The majority of malocclusions scored an IOTN DHC of 4 or 5 and an AC between 4 and 9, which is reflective of malocclusions routinely accepted and treated within a secondary care orthodontic department.22 In order to increase the generalisability of results and to facilitate the ability to discriminate between cases eligible to be treated in the NHS, models representing milder malocclusions not qualifying for NHS treatment were included. The Easy IOTN app is designed for use by all dental clinicians of varying experience and hence does not rely on the clinician having an extensive knowledge of IOTN. Importantly, it also does not require clinicians undertaking formal IOTN calibration. Although the number of clinicians involved in this assessment could be viewed as a limitation, the generalisability of the current results is enhanced as the six clinicians assigned to score the models using the app had no formal calibration experience in the use of the conventional method and two clinicians (DWSI and OT) infrequently used IOTN in their daily practice.
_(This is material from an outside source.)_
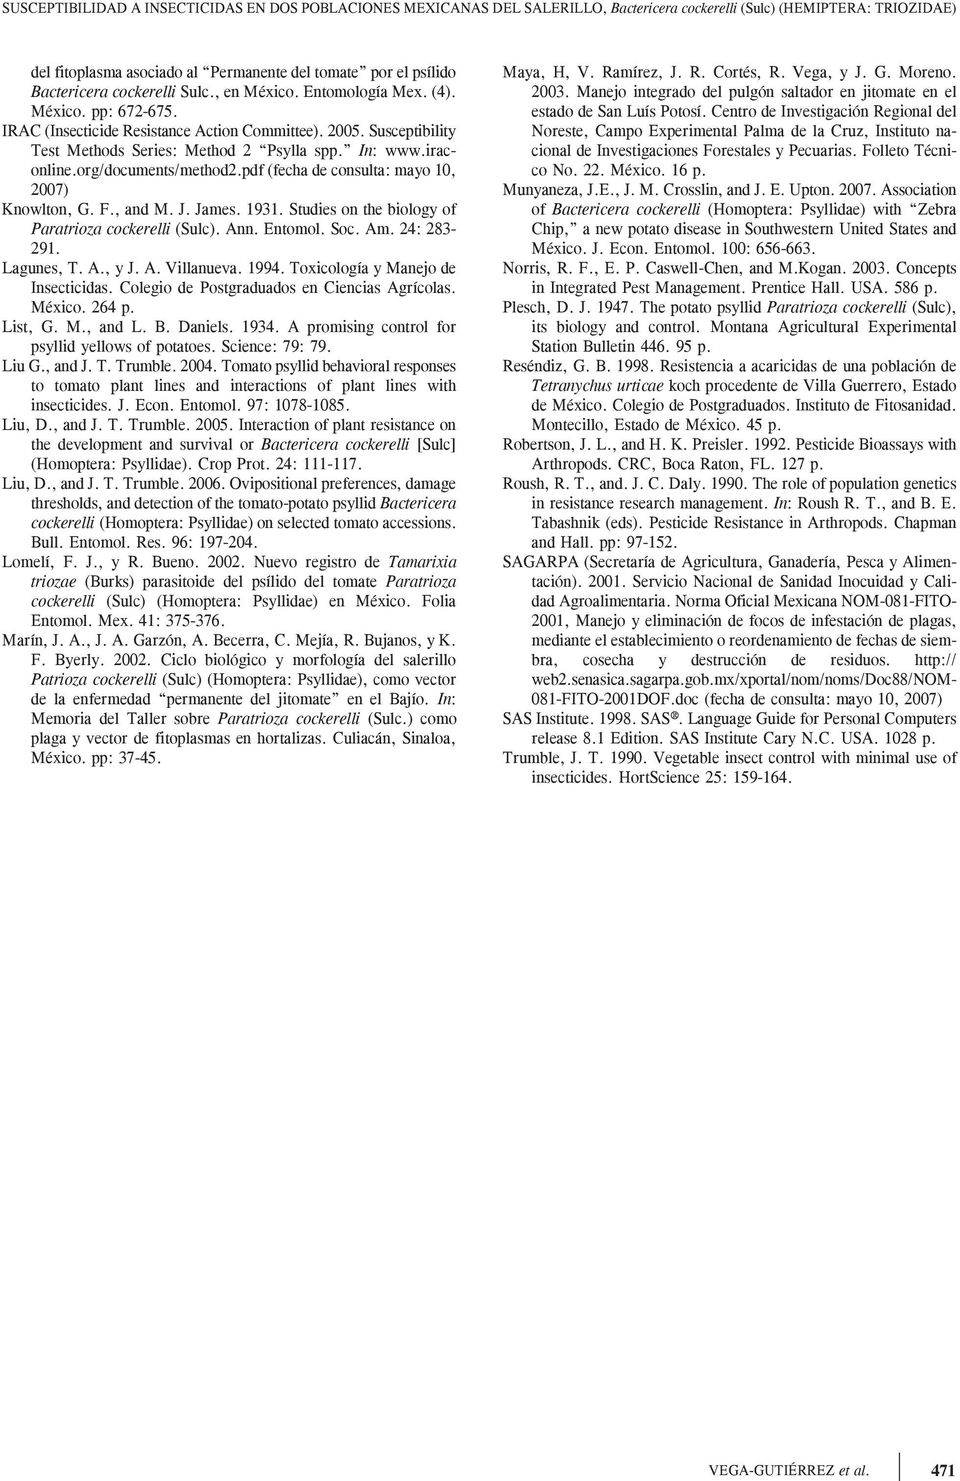 In: www.iraconline.org/documents/method2.pdf (fecha de consulta: mayo 10, 2007) Knowlton, G. F., and M. J. James. 1931. Studies on the biology of Paratrioza cockerelli (Sulc). Ann. Entomol. Soc. Am.

However, as the app has been designed to be used by all members of the dental team, future investigations should include a sample of GDPs so their reliability with using the app to assess orthodontic treatment need can be assessed. Sources of potential bias were accounted for by adhering to an agreed protocol for scoring the study models when using the app and ensuring each clinician using the app undertook training by answering the 30 questions listed in the continuing professional development section. Furthermore, selection bias was minimised as the selection of the study models was undertaken by a member of staff not involved in the scoring of the models.

Conclusions

Within the limitations of this investigation, the Easy IOTN app was shown to have moderate inter-rater reliability. Variation in the intra-rater reliability was evident between clinicians of different grades and levels of experience. Importantly, the diagnostic accuracy of the app to discriminate between malocclusions that qualify for NHS treatment was rated at excellent (IOTN DHC) and acceptable (IOTN AC) and independent of the clinicians' grade or level of experience.